Remotely sensed data can be riddled with no data (or null) values. Take this grid of sea surface chlorophyll A (CHLa) concentration for example, which represents 8 days worth of repeat observations and still has lots of big data gaps (shown in black). With products such as these that use optical data as their input, cloud cover is always going to be a problem.
Aqua MODIS CHLa concentration, 8 day composite, 01/01/2013 - 08/01/2013 ([oceancolor.gsfc.nasa.gov])
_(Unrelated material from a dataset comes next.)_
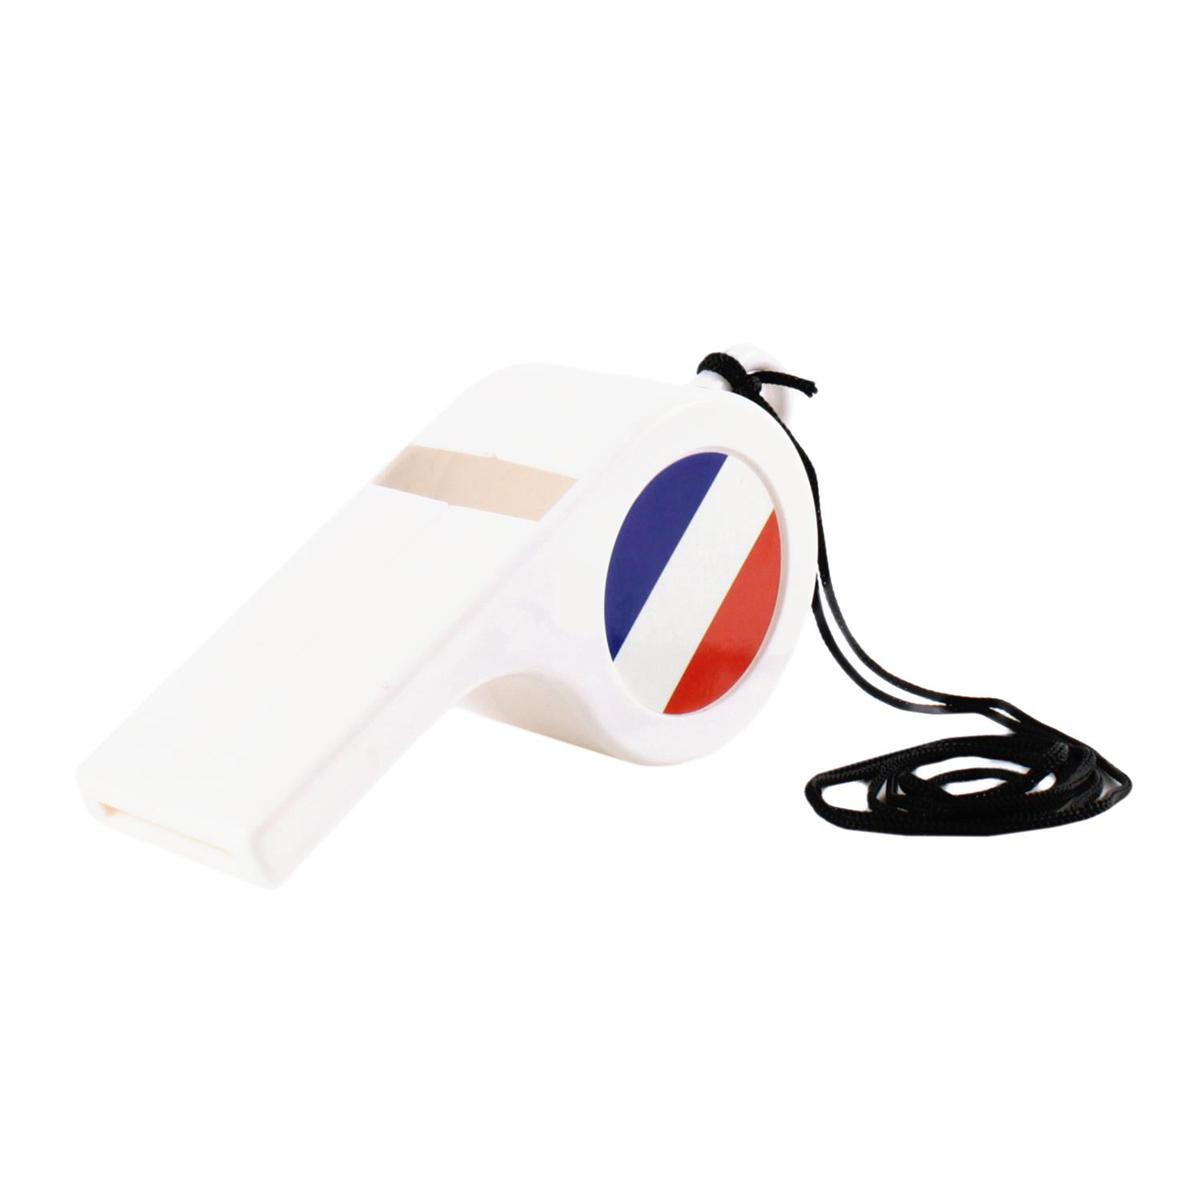 Sifflet géant \'France Cocorico\' blanc tricolore - 15x65x45 cm - [Q0806]

If you wanted to do any raster processing with this data, identifying no data gaps as invalid is essential. And if you’re creating your own processing scripts, it can become problematic.
You could simply build in conditions to ignore this number. However, I find a much nicer way to deal with no data if using Python, is with NumPys masked array operations. They lend themselves really well to remote sensing analysis. With a basic example, here’s how this can work.
(Please assume all my one dimensional arrays here are actually two dimensional and represent raster values! Of course you first need to convert your raster into a NumPy array.)
>>> import numpy as np >>> >>> x = np.array([1, 2, 3, 99, 5, 6, 99]) >>> y = numpy.ma.masked_values(x, 99) >>> y.mask array([False, False, False, True, False, False, True], dtype=bool) >>> y.data array([ 1, 2, 3, 99, 5, 6, 99]) >>> y masked_array(data = [1 2 3 -- 5 6 --], mask = [False False False True False False True], fill_value = 99)
If you want to visually display where your no data cells are in a GIS, you can easily change the mask into an integer array and then save it out in a visual format.
>>> intarray = y.mask.astype(int) >>> intarray array([0, 0, 0, 1, 0, 0, 1])
Equally powerful, if you already have a mask raster, you can build the mask and the data part of the masked array yourself.
>>> t = ma.array([1,2,3,4,4], mask=[0,0,0,0,1]) >>> t masked_array(data = [1 2 3 4 --], mask = [False False False False True], fill_value = 999999)
Once you have assigned your masked array, there are a number of other methods which can be applied, for example:
>>> y.mean() 3.4 >>> y.max() 6 >>> y.sum() 17
These are basic operations only. The documentation for masked array operations shows the range of possibilities. I’ve used masked arrays very frequently when developing bespoke raster processing scripts.